Summary Against Modern Thought: Errors About The Incarnation VI
Week 6 refuting arguments claiming Jesus was not the Word Incarnated. This is not a difficult week. We only need remember who we are.
1 Won over, however, by this Gospel testimony, Apollinaris confessed that there was a sensitive soul in Christ; nonetheless, it was without mind and intellect, so that the Word of God was in that soul in place of intellect and mind.
Notes Sensitive soul, i.e. a being who has sensations, eats, drinks, etc.
2 But even this is not sufficient to avoid the awkward consequences described, for man gets his human species from his having a human mind and reason. Therefore, if Christ did not have these, He was not true man, nor was He of the same species with us. For a soul which lacks reason belongs to a species other than that of the soul which has reason.
For, according to the Philosopher [Metaphysics VIII, 3], in definitions and species any essential difference which is added or subtracted varies the species, just as unity does in numbers. But rational is the specific difference. Therefore, if in Christ there was a sensitive soul without reason, it was not of the same species with our soul, which does have reason. Neither, then, was Christ Himself of the same species with us.
3 Again, among the sensible souls themselves which lack reason there exists diversity by reason of species. This appears from consideration of the irrational animals which differ from one another in species; nonetheless, each of them has its species according to its proper soul. Thus, then, the sensitive soul lacking reason is, so to say, one genus including within itself many species. But nothing is in a genus which is not in one of its species. If, then, the soul of Christ was in the genus of sensitive soul lacking reason, it must have been included in one of its species; for example, it was in the species of lion soul, or some other beast. And this is entirely absurd.
4 The body, moreover, is compared to the soul as matter to form, and as instrument to principal agent. But the matter must be proportionate to the form, and the instrument to the principal agent. Therefore, consequent on the diversity of souls, there must be a diversity of bodies. And this is sensibly evident, for in diverse animals one finds diverse dispositions of the members, in which they concord with the diverse dispositions of the souls. Therefore, if in Christ there was not a soul such as our soul is, neither would He have had members like the human members.
5 There is more. Since, according to Apollinaris, the Word of God is true God. wonder cannot be seemly in Him, for we wonder at those things whose cause we ignore. But, in the same way, wonder cannot be fitting for the sensitive soul, since solicitude for the knowledge of causes does not belong to the sensitive soul.

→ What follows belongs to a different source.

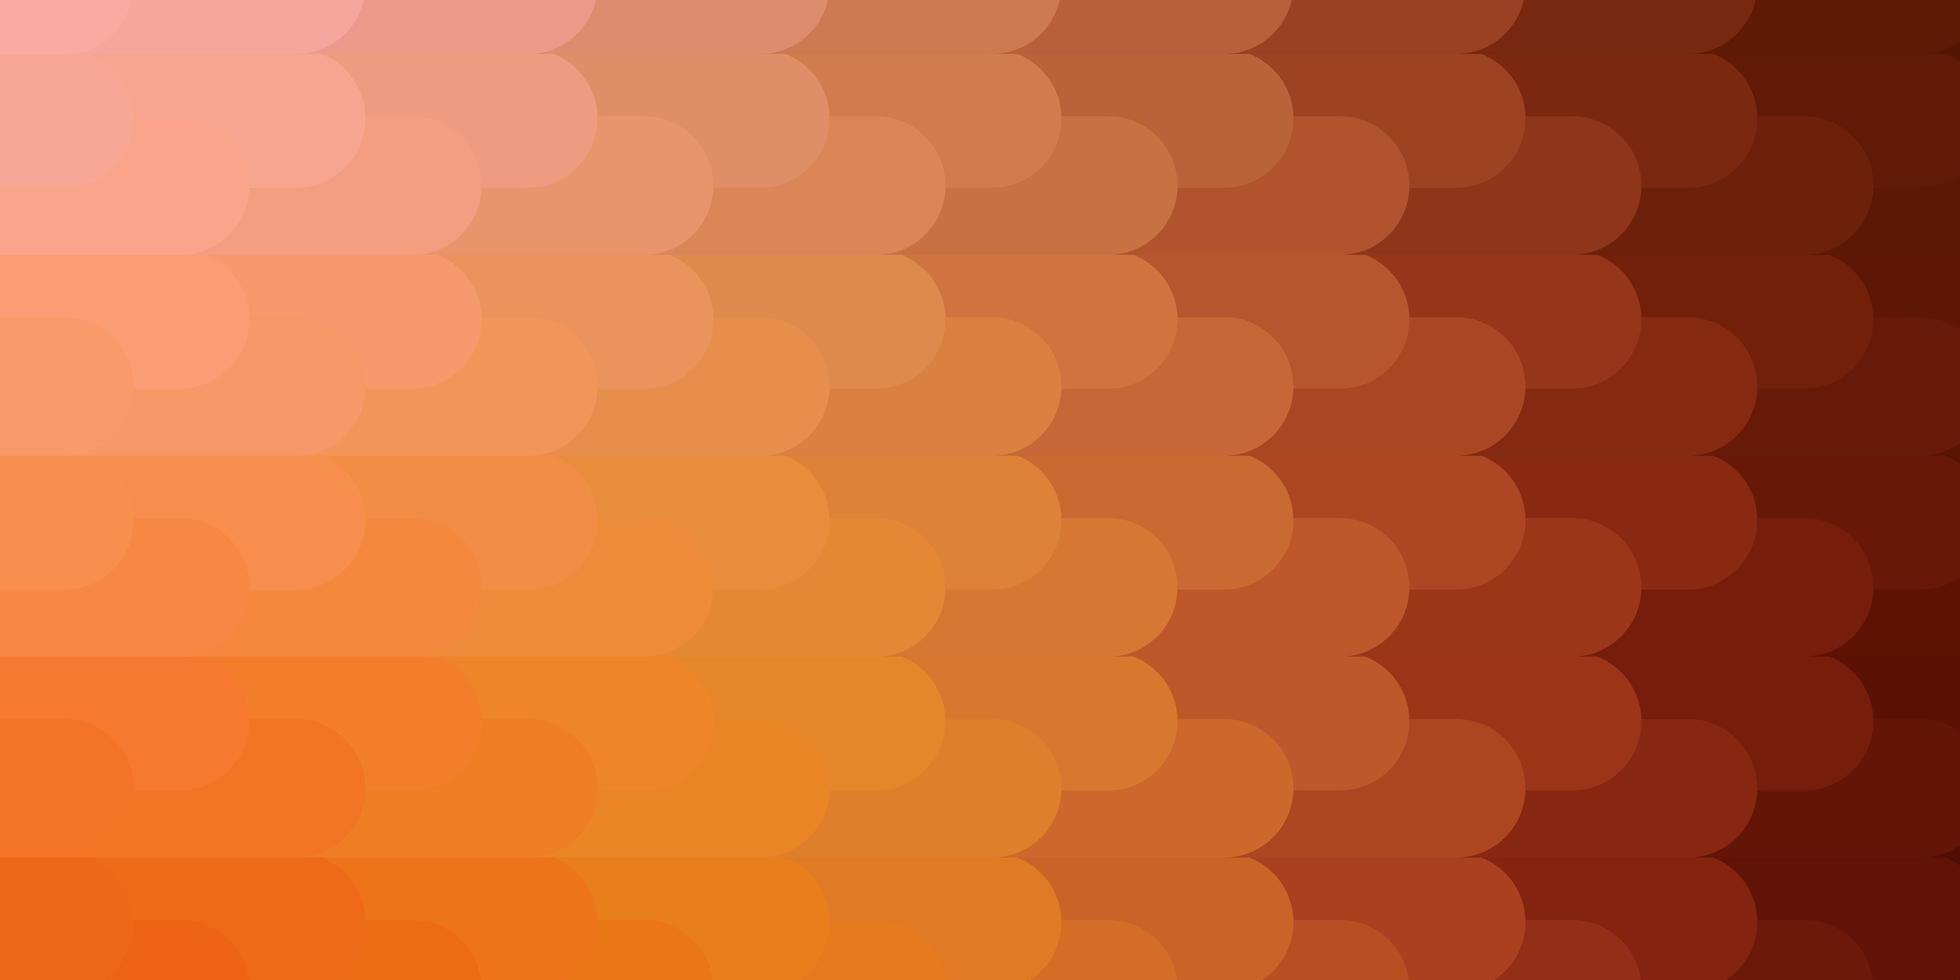 sfondo vettoriale arancione chiaro con linee. illustrazione gradiente colorato con linee piatte astratte. modello per il tuo design dell'interfaccia utente.

But there was wonder in Christ; so one proves from the Gospels. It says in Matthew (8:10) that Jesus heard the words of the centurion and “marveled.” One must, then, in addition to the divinity of the Word and His sensitive soul put in Christ that which can make wonder seemly in Him; namely, a human mind.
Notes "Solicitude for the knowledge of causes" is a lovely phrase, and describes us well.
6 Manifestly, therefore, from the aforesaid there was in Christ a human body and a true human soul. Thus, therefore, John’s saying (1:14), "The Word was made flesh,” is not thus to be understood, as though the Word has been converted into flesh; or as though the Word has assumed the flesh only; or with a sensitive soul without a mind; but after Scripture’s usual manner the part is put for the whole, so that one says: “The Word was made man.”
“Soul” is sometimes used in place of man in Scripture; Exodus (1:5) says: “And all the souls that came out of Jacob’s thigh were seventy”; in the same way, also, “flesh” is used for the whole man; Isaiah (40:5) says: “All flesh together shall see that the mouth of the Lord has spoken.” Thus, then, “flesh” is here used for the whole man, also, to express the weakness of the human nature which the Word of God assumed.
7 But, if Christ had human flesh and a human soul, as was shown, it is plain that there was no soul of Christ before His body’s conception. For it was shown that human souls do not pre-exist their proper bodies. Hence is clear the falsity of that tenet of Origen, who said that in the beginning, before all bodily creatures, the soul of Christ was created with all other spiritual creatures and assumed by the Word of God, and that finally, toward the end of the ages, for men’s salvation it was endowed with flesh.